Raw data –
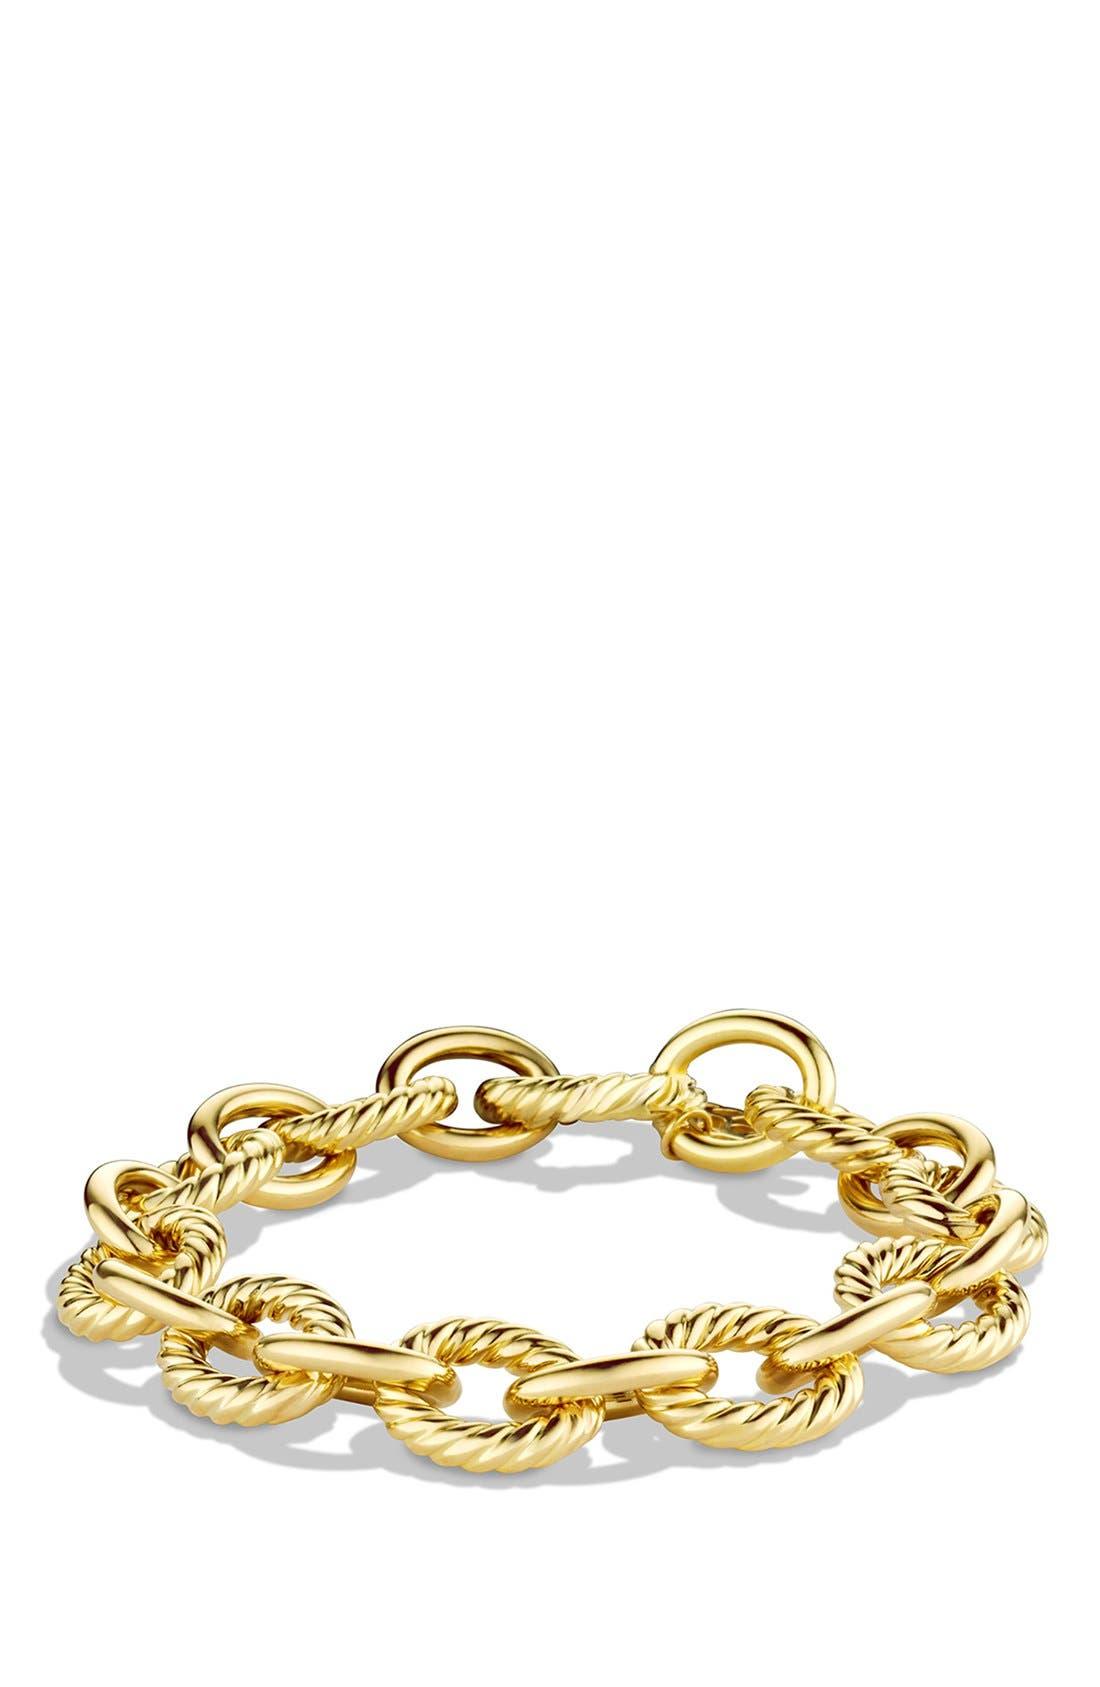 Main Image - David Yurman 'Oval' Large Link Bracelet in Gold
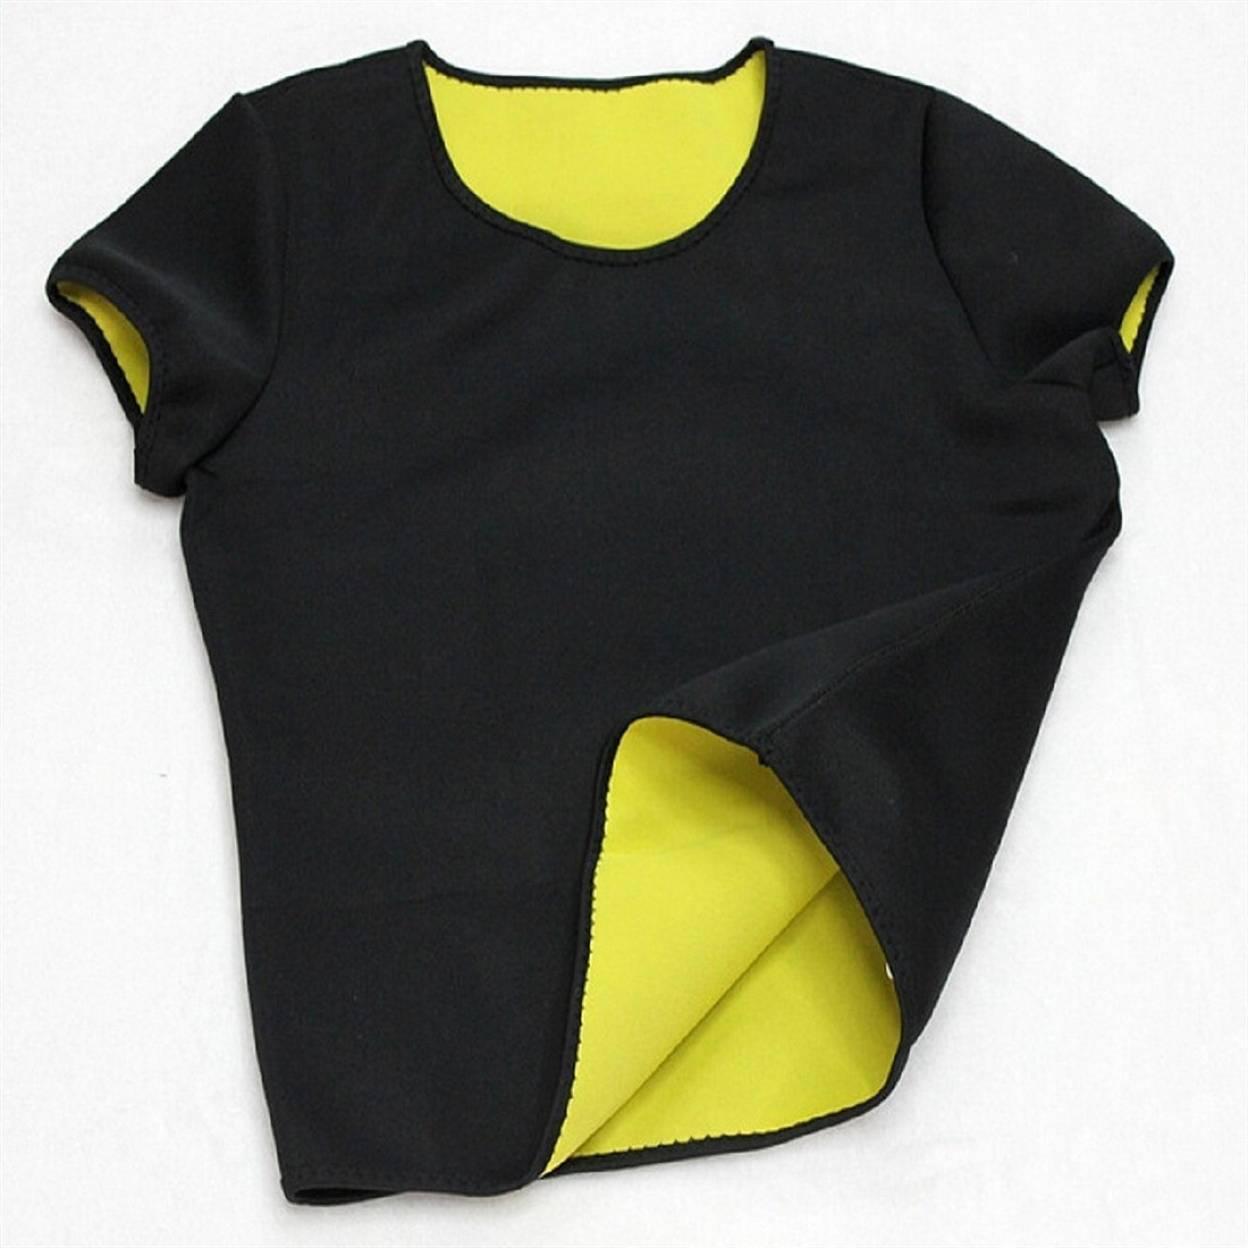 Shirt design lab - Product Image Product Image
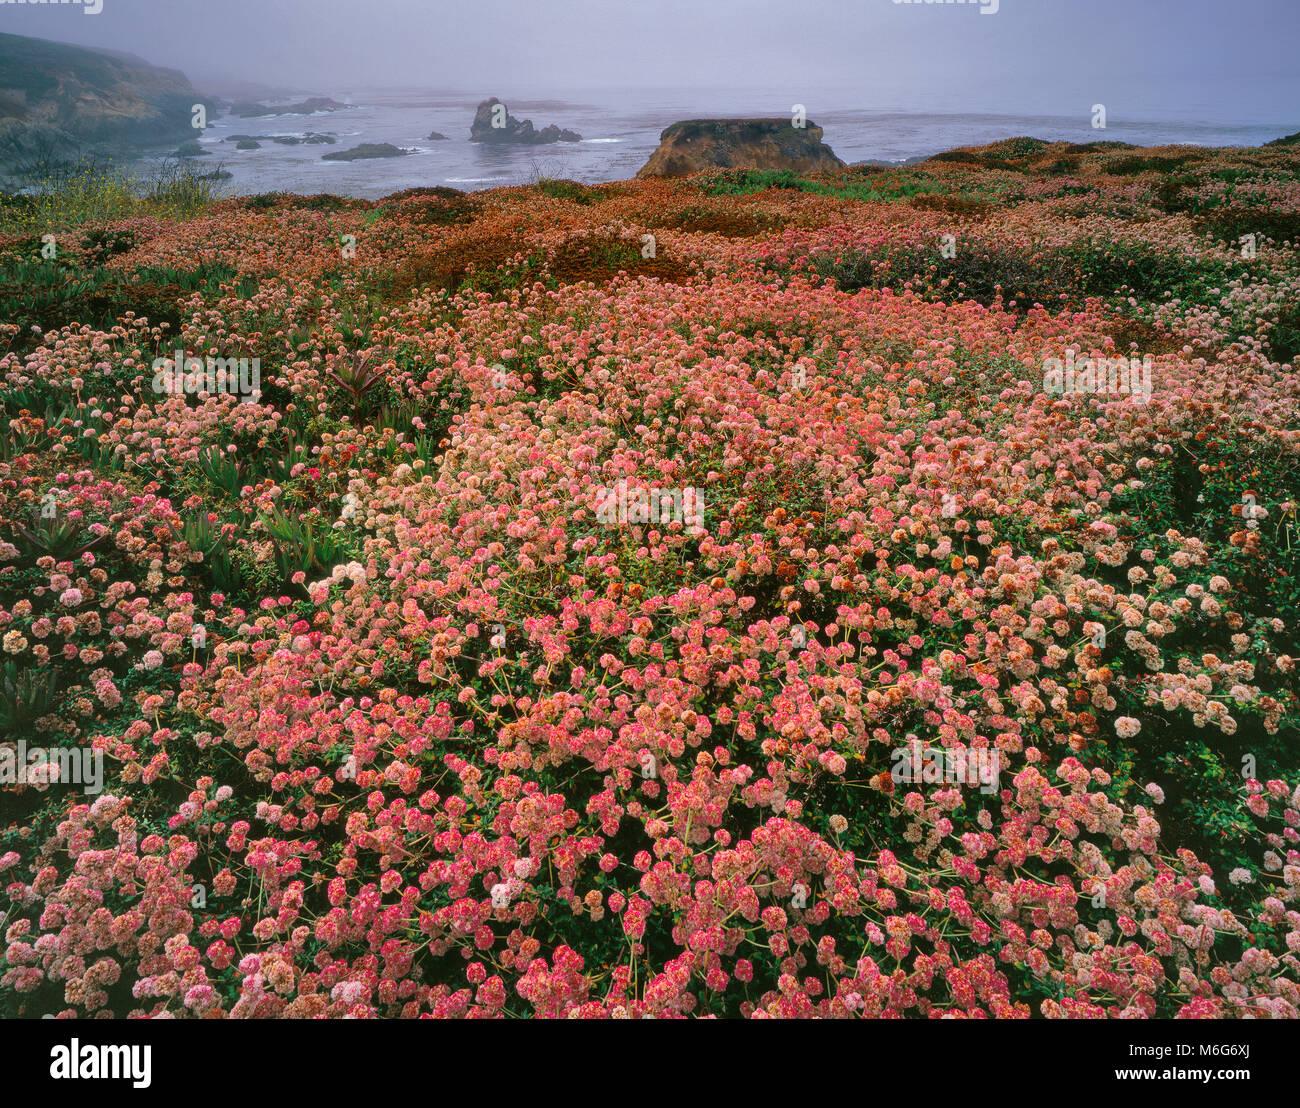 Buckwheat, Eriogonum, Coastal Fog, Garrapata State Park, Big Sur, Monterey County, California - Stock Image

Required work – The answer must be the listing above, restated word for word, with no images in it.

Solution to the problem –
 Main Image - David Yurman 'Oval' Large Link Bracelet in Gold
 Shirt design lab - Product Image Product Image
 Buckwheat, Eriogonum, Coastal Fog, Garrapata State Park, Big Sur, Monterey County, California - Stock Image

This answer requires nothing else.